Why passivity is unacceptable
By Natalie Serafini, Opinions Editor
“First they came for the Jews and I did not speak out—because I was not a Jew. Then they came for the communists and I did not speak out—because I was not a communist. Then they came for the trade unionists and I did not speak out—because I was not a trade unionist. Then they came for me—and there was no one left to speak out for me.”
If you and I disagree about something, I truly don’t mind. I mean, if we have a difference in beliefs, I don’t have a problem with the fact that we think differently. I can’t guarantee that I won’t think you’re a jerk-wad, but I appreciate when people are opinionated. Without conflicting opinions, society is in danger of stagnation. Instead, what I can’t stand in people is passivity.
I understand that most people don’t get as angry about everything as I do. I also get that I, like many others, am oblivious to many issues, that I don’t always make the right choices, and that I can’t possibly take on every global injustice. But I can try: I can try to be aware; I can try to care if I don’t already; and I can try to do something, however insignificant.

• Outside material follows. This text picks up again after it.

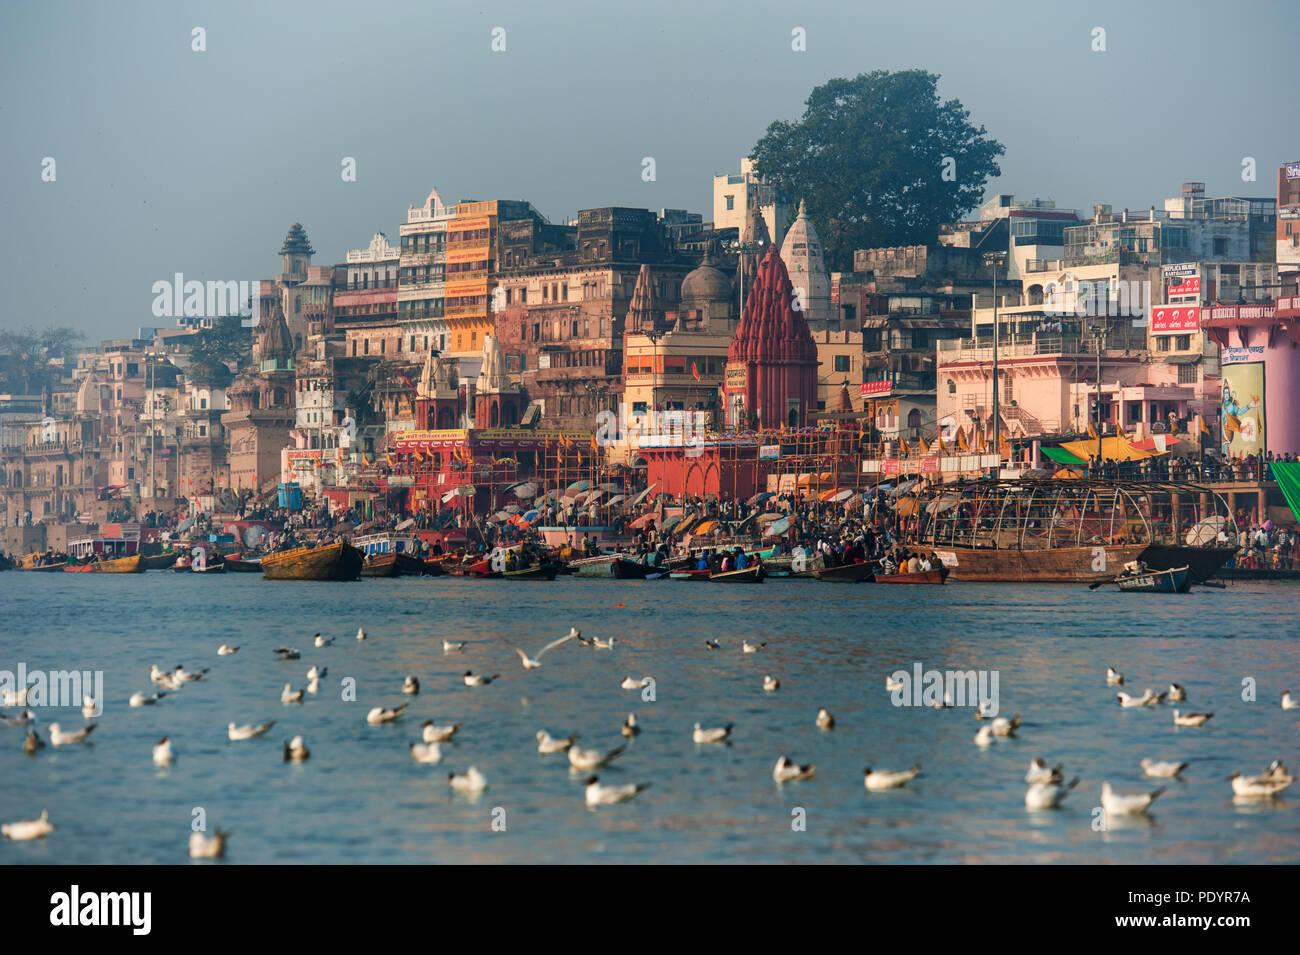 Paysage de la rivière Ganga ville sainte de Varanasi, Uttar Pradesh, Inde Photo Stock

This is why passivity is so frustrating to me. If people are aware of and care about an issue, ignoring the problem demonstrates a lack of integrity. If they purposely avoid educating themselves, they are guilty of ignorance.
The excuses given are often that we “should agree to disagree” and “can’t constantly be fighting every battle.” It’s true that society will most likely never come to an agreement on every subject, and that one person taking on every injustice isn’t realistic. Nonetheless, there are too many people doing too little.
We don’t have to protest, and we don’t have to fight every battle. But many people don’t fight any battles. Never mind fighting a battle—fighting suggests getting off your ass and actually protesting or sacrificing something. How about supporting an issue? How about saying to yourself, “Hey! I don’t like sweatshops! I should find companies that don’t employ sweatshops, and support those companies.” It’s easy to vote with your dollar. People in the States are doing it in droves over Chick-fil-A’s blatant support of anti-gay agendas. To not do anything because it’s more convenient is inexcusable.
Agreeing to disagree is no position at all; it’s not even an attempt at neutrality in instances where people’s rights are being infringed upon. You cannot justify standing by when you could easily do something, no matter how seemingly insignificant. To shrug and say “We can’t fight every battle” or “Let’s agree to disagree” is to abdicate responsibility. If each of us only fights the battles that affect us, no one will ever have the power to make a difference.